The rules for a muzzle loader here in Colorado is that you can't use pellets, or saboted bullets. I was hunting with a couple of people a few years ago that when they went to load up their muzzle loaders they dropped in some powder pellets and saboted bullets and rammed them home. I mentioned that they were not suppose to be using the pellets and bullets but their explanation was that as long as they got their first shot with what gave them the best accuracy out of their rifles no one will know. They also mentioned that they didn't carry any extra pellets or bullets with them so that if they were checked in the field the DWR officer wouldn't see anything unless he made them unload their muzzle loaders. 

I'm glad that was a one time hunt with those two.


----------



## taxidermist (Sep 11, 2007)

Back in 1989 we had a buck shot with a ML and a round ball from a .50 Hawken Rifle. The F&G check us as we were coming out of the woods. The officer had some kind of a liquid that he placed on the entrance hole. When he was prepping to do this, he said that it it detects black powder residue and will turn color if it is black powder. 

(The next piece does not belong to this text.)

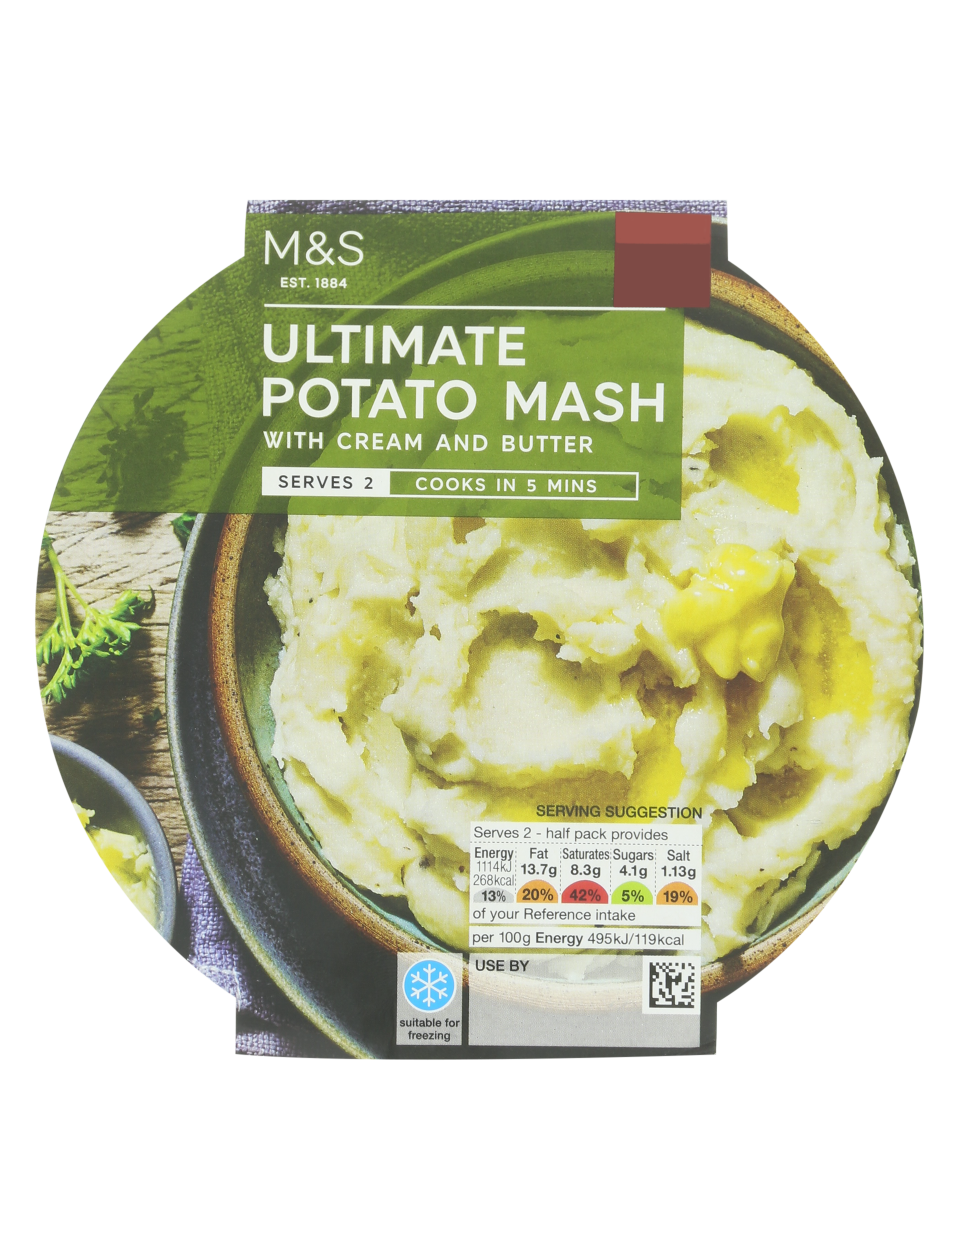 Marks and Spencer's Ultimate potato mash

I knew some officers are close at being a CSI guru, but that was amazing to see that technology in the day. They use the liquid to determine if an animal was shot with a centerfire cartridge I guess. Smokeless powders don't have the Sulphur in them I guess.


----------



## Ray (May 10, 2018)

APD said:


> after living and hunting here for over two decades i'm pretty sure the rules are optional. it's somewhere in the guidebook if you read it.


They’re more guidelines really 😂


----------



## cweiss1787 (Oct 19, 2021)

rtockstein said:


> I knew some newer ones could handle high pressures but didn't know using smokeless was recommended in them.
> 
> It's unfortunate we can continue to push the envelope with all weapons as much as the governing state allows. The capability of shooting game to 1000+yds with a rifle, 100 with a bow, and 400 or more with a muzzy is nuts.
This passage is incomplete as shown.